[DATASET EXTRACT — start]

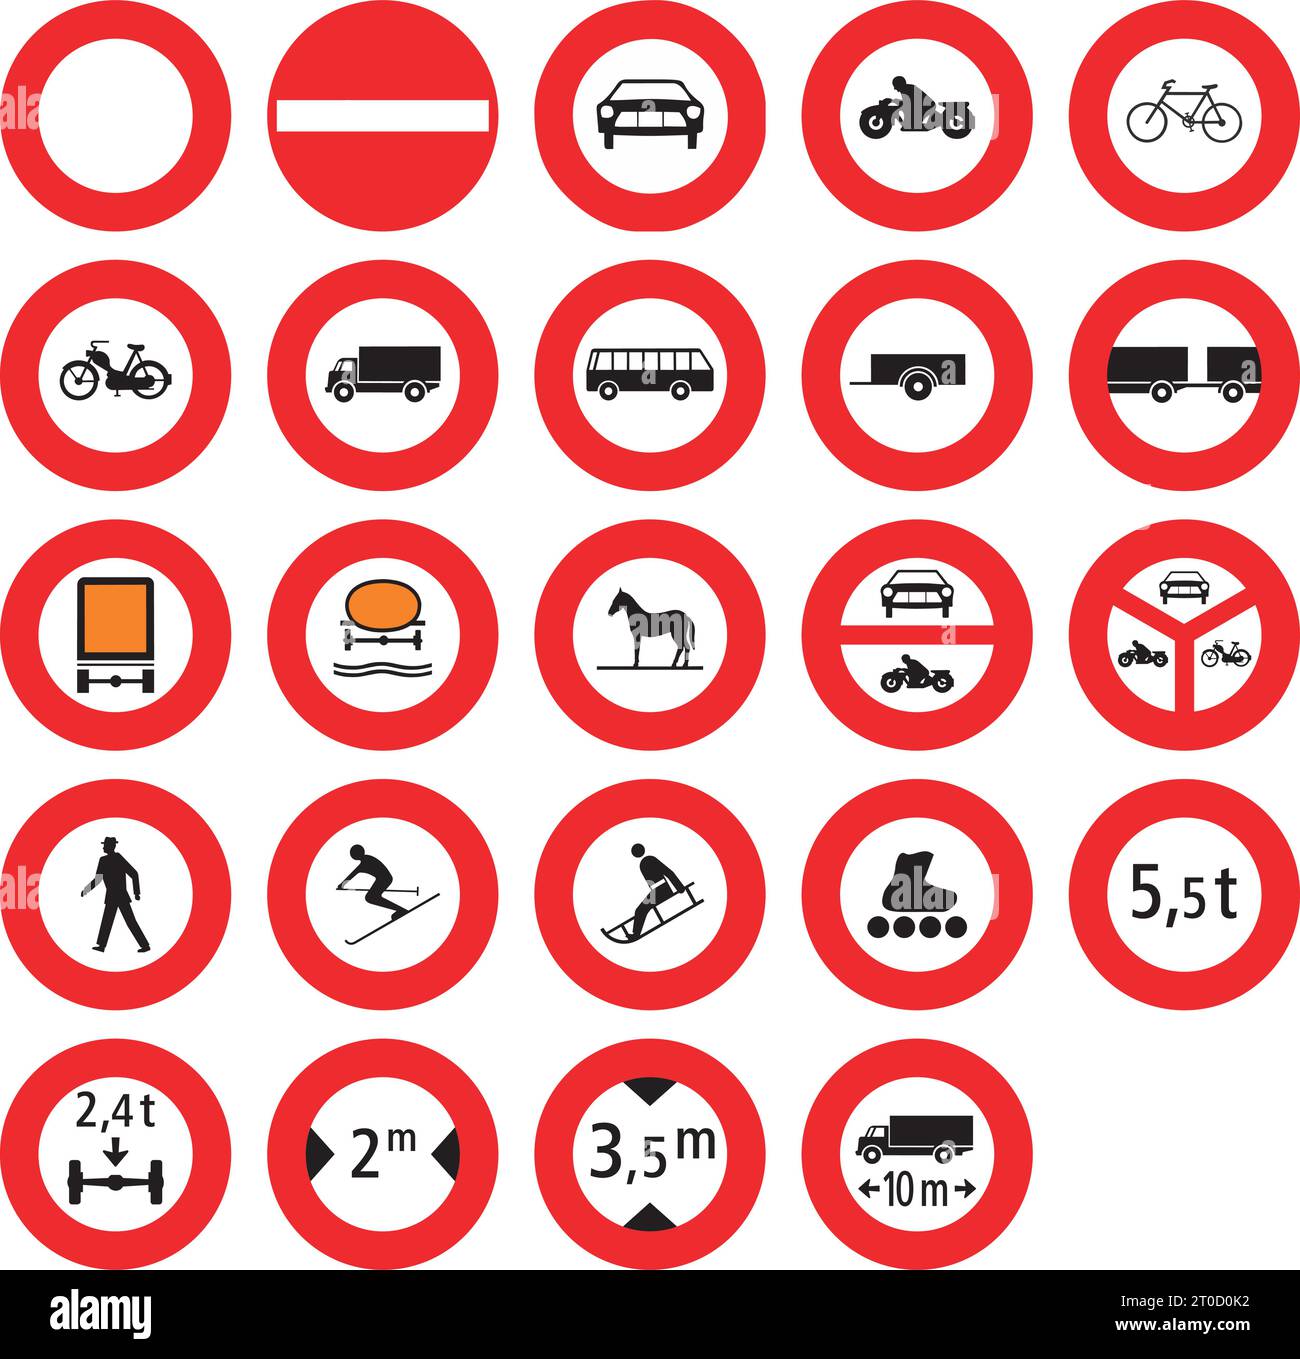 Divieti, segnali normativi, segnaletica stradale in Svizzera e Liechtenstein Illustrazione Vettoriale
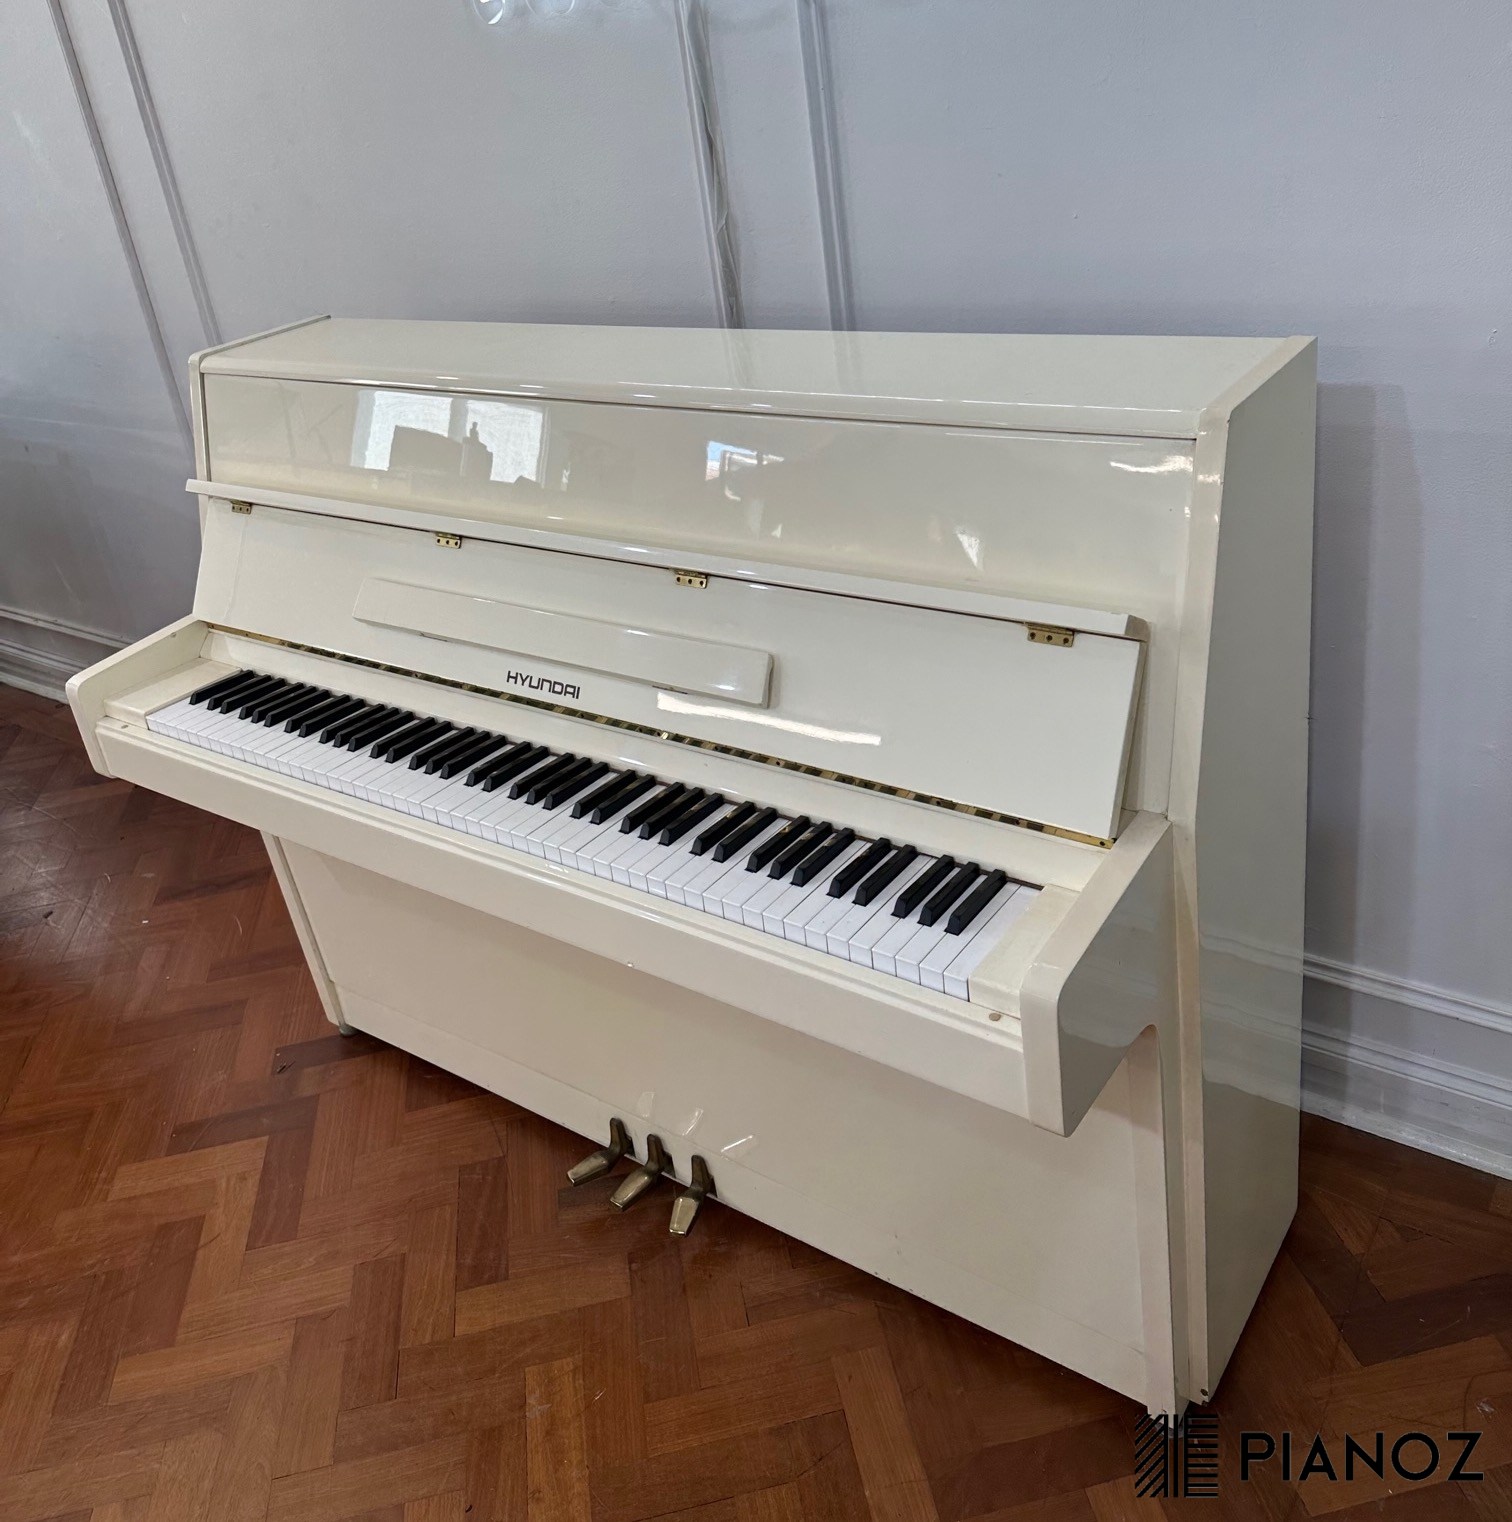 Hyundai White Upright Piano piano for sale in UK
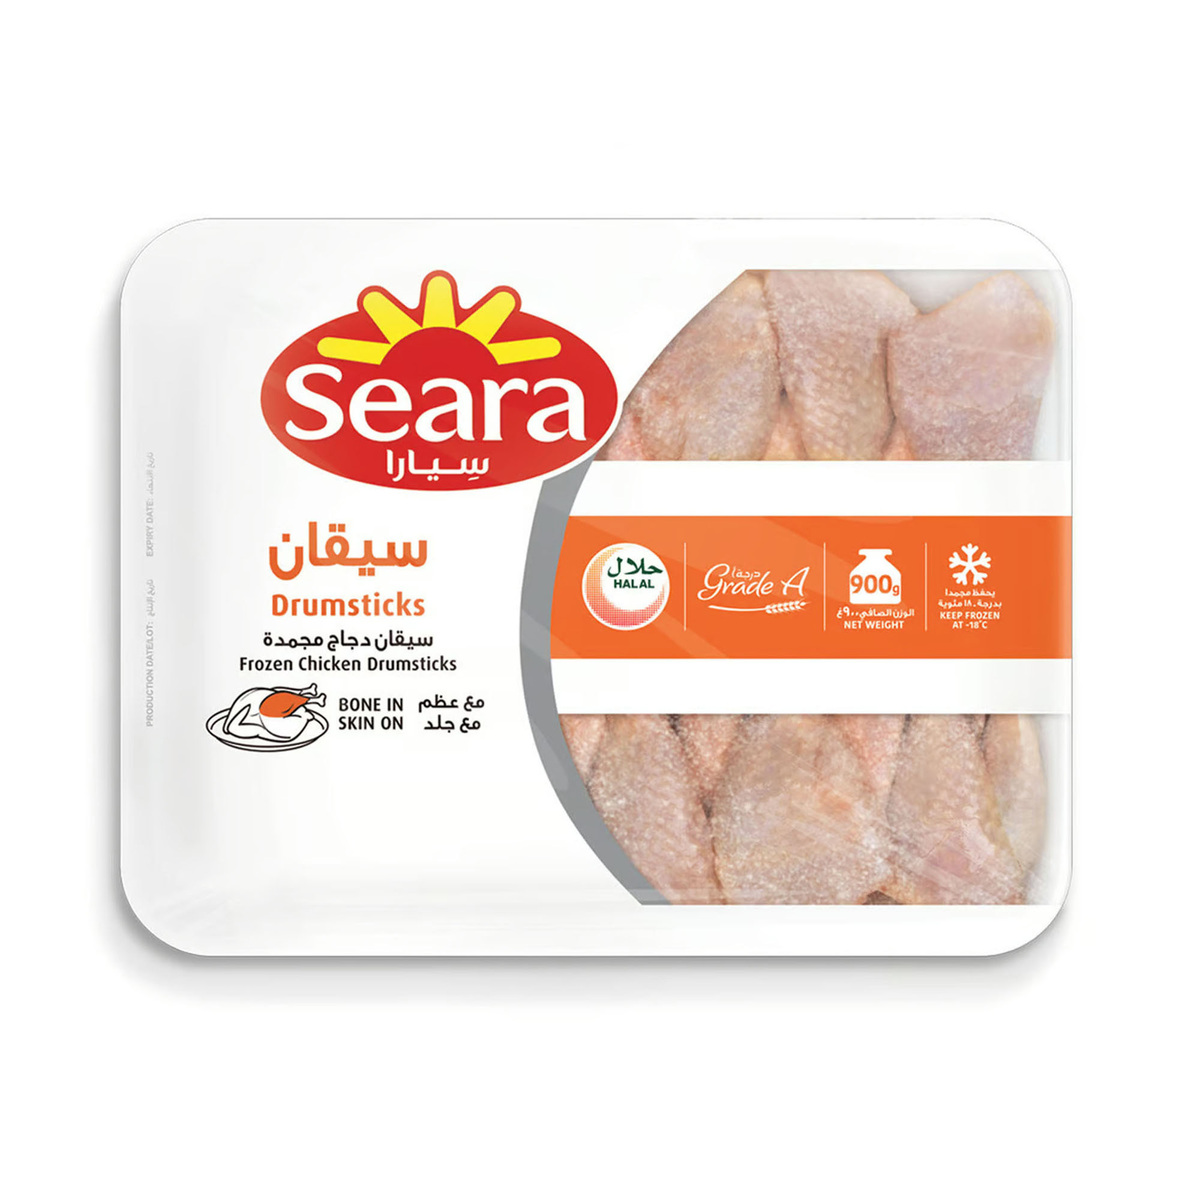 Seara Frozen Chicken Drumstick Value Pack 900 g

[DATASET EXTRACT — finish]

[YOUR GOAL]
All lines from the one containing "Hyundai White Upright" through the end of the data are to be written out exactly, with nothing added; skip the pictures.

[SOLVED PROBLEM]
 Hyundai White Upright Piano piano for sale in UK
 Seara Frozen Chicken Drumstick Value Pack 900 g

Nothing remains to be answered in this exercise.